Graduation Year: August 2011

Dissertation:

PhD Thesis:

A HOLISTIC, SIMILARITY-BASED APPROACH FOR PERSONALIZED RANKING IN WEB DATABASES

Abstract

With the advent of the Web, the notion of information retrieval has acquired a completely new connotation and currently encompasses several disciplines ranging from traditional forms of text and data retrieval in unstructured and structured repositories to retrieval of static and dynamic information from the contents of the surface and deep Web. From the point of view of the end user, a common thread that binds all these areas is to support appropriate alternatives for allowing users to specify their intent (i.e., the user input) and displaying the resulting output ranked in an order relevant to the users.

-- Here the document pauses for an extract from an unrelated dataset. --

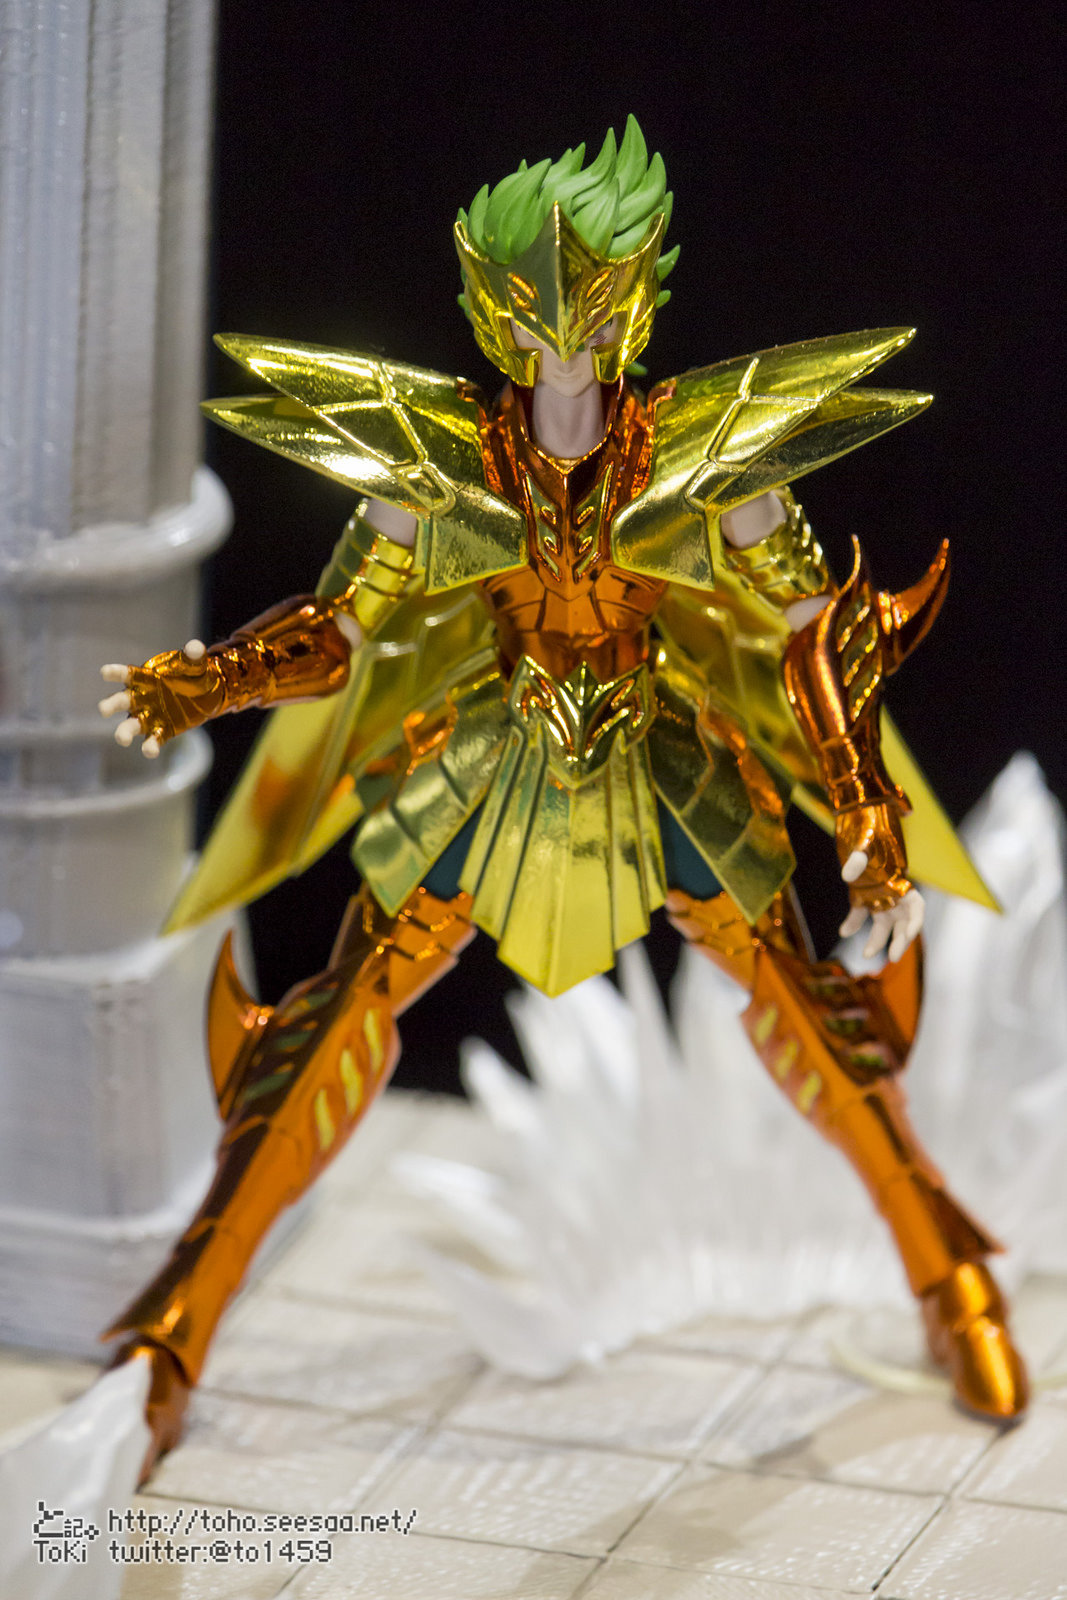 Exposition "Complete Works Of saint Seiya, 30th Anniversary" (18 au 29 Juin 2016) - Page 6 3n5w

In the context of specifying an user’s intent, the paradigms of querying as well as searching have served well, as the staple mechanisms in the process of information retrieval over structured and unstructured repositories. Processing queries over known, structured repositories (e.g., traditional and Web databases) has been well-understood, and search has become ubiquitous when it comes to unstructured repositories (e.g., document collections and the surface Web). Furthermore, searching structured repositories has also been explored to a limited extent. However, there is not much work in querying unstructured sources which, we believe is the next step in performing focused retrievals.

Correspondingly, one of the contributions of this dissertation is a novel semantic guided approach, termed Query-By-Keywords (or QBK), to generate queries from search like inputs for unstructured repositories. Instead of burdening the user with schema details, this approach utilizes pre-discovered semantic information in the form of taxonomies, relationship of keywords based on context, and attribute & operator compatibility amongst Web sources, to generate query skeletons that are subsequently transformed into queries. Additionally, progressive feedback from users is used to further improve the accuracy of these query skeletons. The overall focus thus, is to propose an alternative paradigm for the generation of queries on unstructured repositories using as little information from the user as possible.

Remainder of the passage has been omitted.